皮膚が剥がれ落ちる難病「魚鱗癬」。この病気や偏見と闘う梅本遼くんをRKBは20年以上取材してきました。遼さんはいま27歳、理解してくれる人に出会い先日結婚しました。魚鱗癬の患者として結婚した遼さん、仲間たちへの力強いメッセージです。

子供が発症したら… 妻・桃香さんの気持ち

桃香さんと出会い、想像もしなかった時間を過ごすことができています。
一方で、結婚を前に考えたことがあります。

遼さん「子供に50%の確率で同じ病気ができること。

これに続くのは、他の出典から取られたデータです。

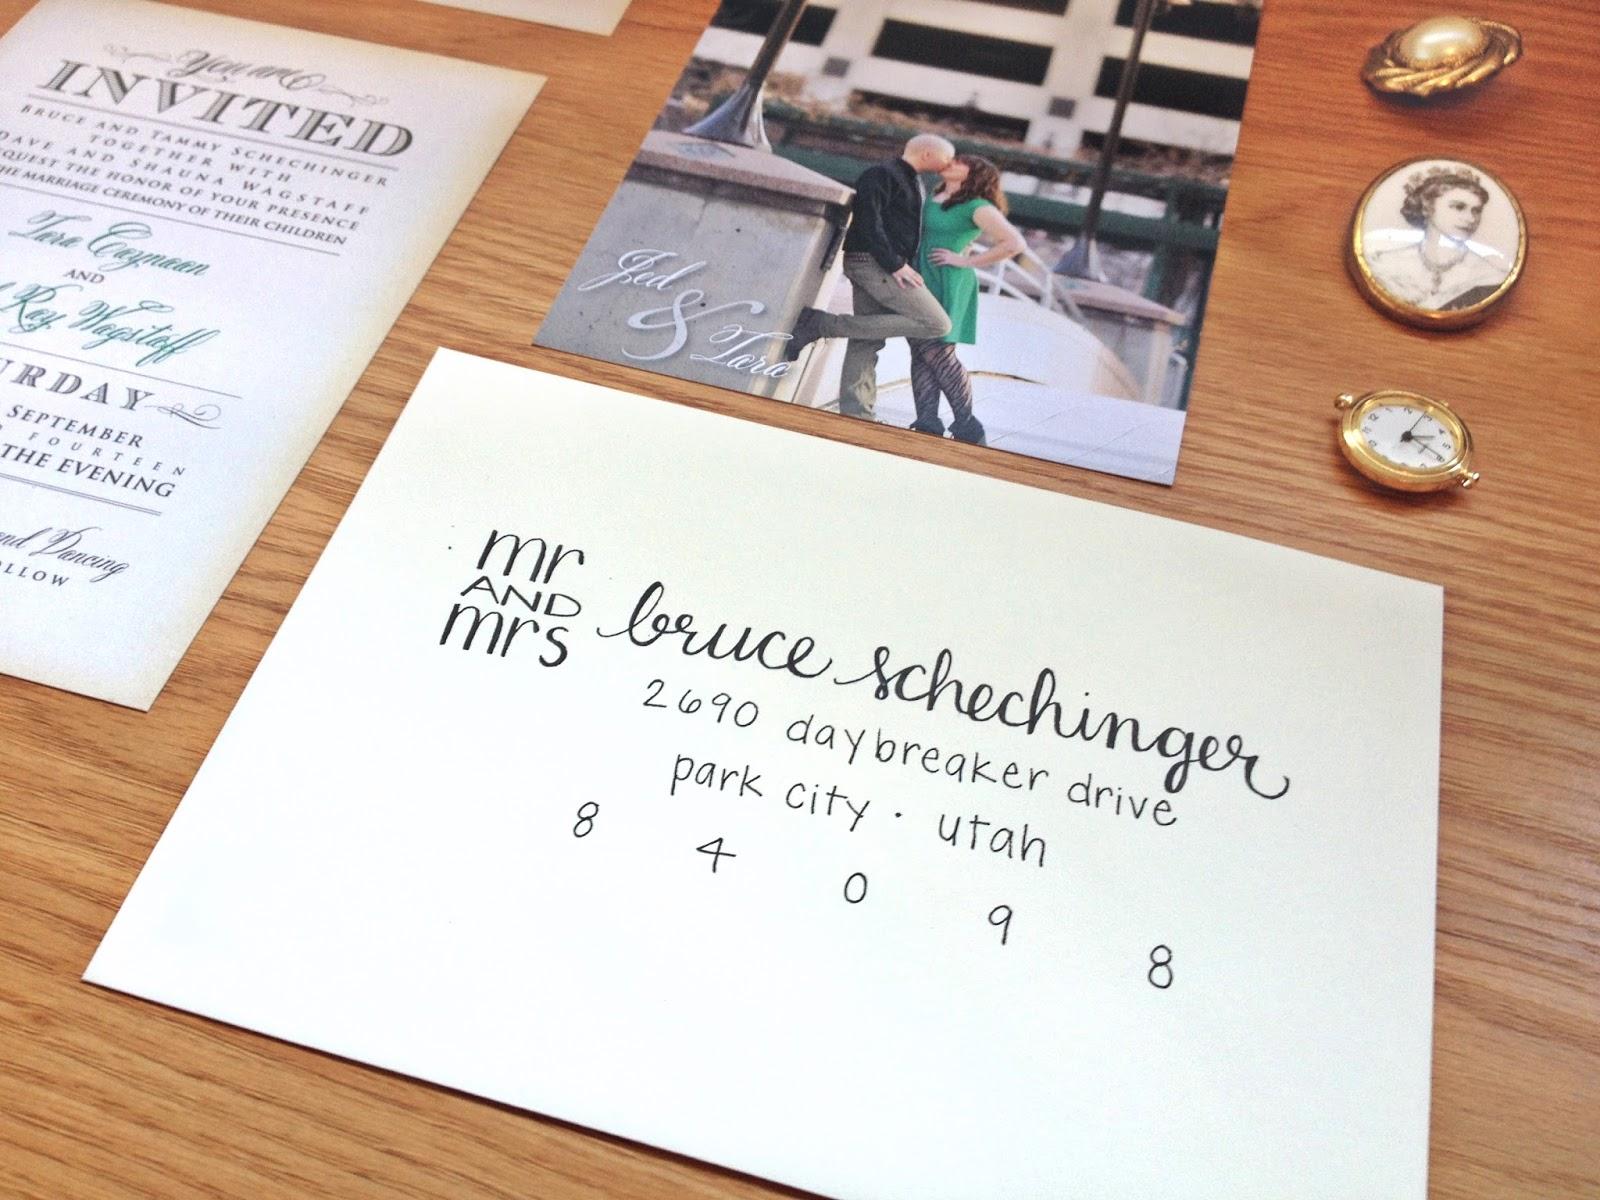 The Knot Addressing Wedding Invitations: : Wedding Invitation Envelope Addressing

自分のことは1から10まで説明できるし、一緒に生活していく中で理解はしてくれるだろうけど」

 


桃香さん「遺伝するんだなって、ショックではありました。病気の辛さは二度と味わって欲しくない。一番大事なことは、その子が生きにくくないように感じることだと思ったので、別に優先的にそこ(発症するかどうか)が大事ではない」

契約社員として働く夫・遼さん

遼さんは1月から、北九州市門司区にある物流会社の契約社員として、庶務の仕事をしています。

 

上司の兼光誠治朗さん「まず、病気自体を我々がよくわかっていなかったんですけど、体調管理や室内の温度などはちょっと気を付けないといけないかな、と思っています。今後はもっと仕事を覚えてもらって、独り立ちしてしっかりやってもらえるようになってほしい。プレッシャー?」

 


遼さん「いや、プレッシャーに感じないようにします(笑)」

遼さんの現在の収入は、給料と障害年金、北九州市の特別障害手当を合わせて、約20万円程度。結婚に踏み切れたのは、収入の安定もありました。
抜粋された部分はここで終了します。